More Weight Lifters Using HGH

Study researcher Harrison G. Pope Jr., MD, professor of psychiatry at Harvard Medical School in Boston and director of Biological Psychiatry Laboratory of McLean Hospital in Belmont, Mass, said:

This is an epidemic that is rapidly increasing and is here to stay for the foreseeable future. Doctors everywhere should be aware of this when they see young patients, especially young male patients.[WebMD]

The HGH takers were typically older and had been lifting weights longer than those not taking the supplement. And while the HGH takers were more muscular, all of them were already using anabolic steroids prior to taking HGH.

Harold C. Urschel, MD, author of Healing the Addicted Brain, noted how the results formed a rather worrying pattern:

We see in this study that HGH users were already taking steroids when they added HGH, so this tells us that they may have been developing a tolerance and needed a turbo boost.

HGH is a chemical produced by the pituitary gland and aids growth in children and adolescents. The hormone is already approved to help treat children with specific growth deficiencies, but little research has been done into the long term effects of HG abuse in adults.

HGH production declines as we age; the supplements counter act that decline, which is why some companies market the supplement as an anti-aging elixir, as well as a performance enhancer.

The growing popularity of the recent trend can be attributed to modern manufacturing processes that have helped reduce the cost of the supplement, making it more accessible to the public. Pope explained that twenty years ago it was extremely expensive and used only by elite athletes who could afford to spend the money.

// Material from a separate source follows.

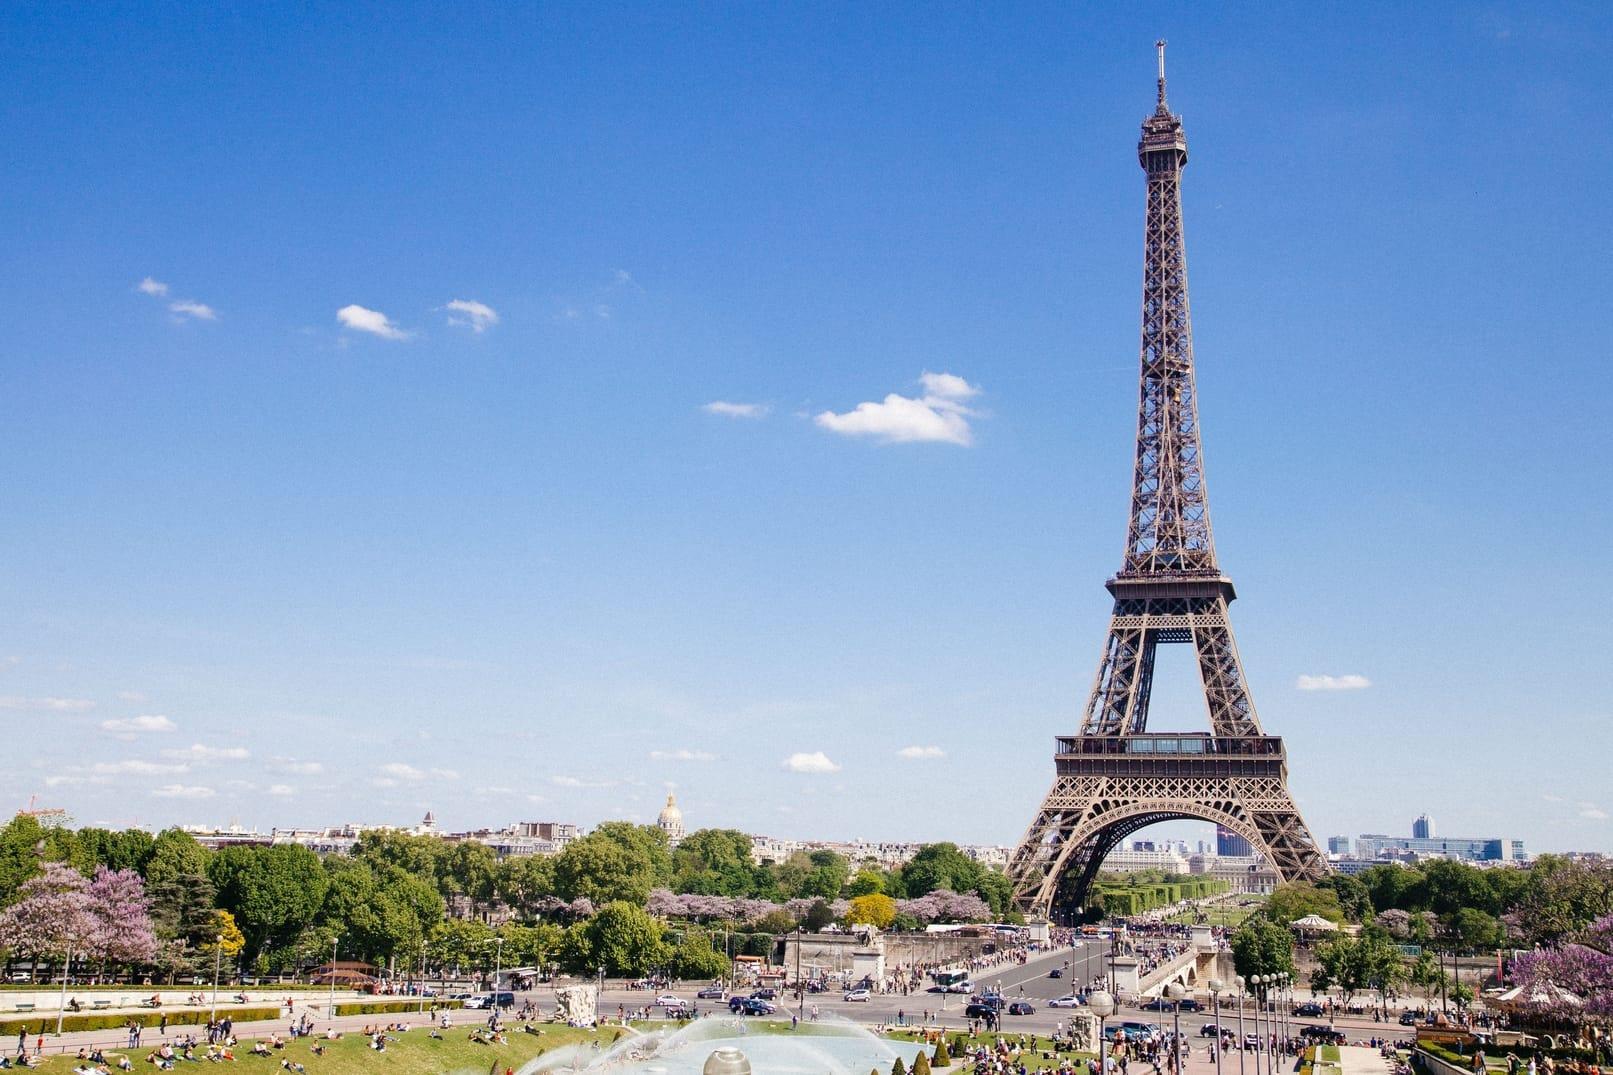 Tour Paris is always a good idea… - cherubins

Although the full dangers of HG abuse are not known, experts warn that it could have serious effects on the heart, especially when used in combination with steroids. High levels of HGH have also been linked to diabetes and cancer.

Barry Sears, PhD, president of Zone Labs Inc. and the Inflammation Research Foundation in Marblehead, Mass admitted that HGH can ‘help bulk up and burn body fat.’ But he also warned that there are health risks attached to it:

Too high levels will promote diabetes and overproduction of bone tissue. You can always tell which elite athletes are on HGH because their bones are growing at a faster rate and their faces look distorted.

The study was published in the American Journal on Addictions.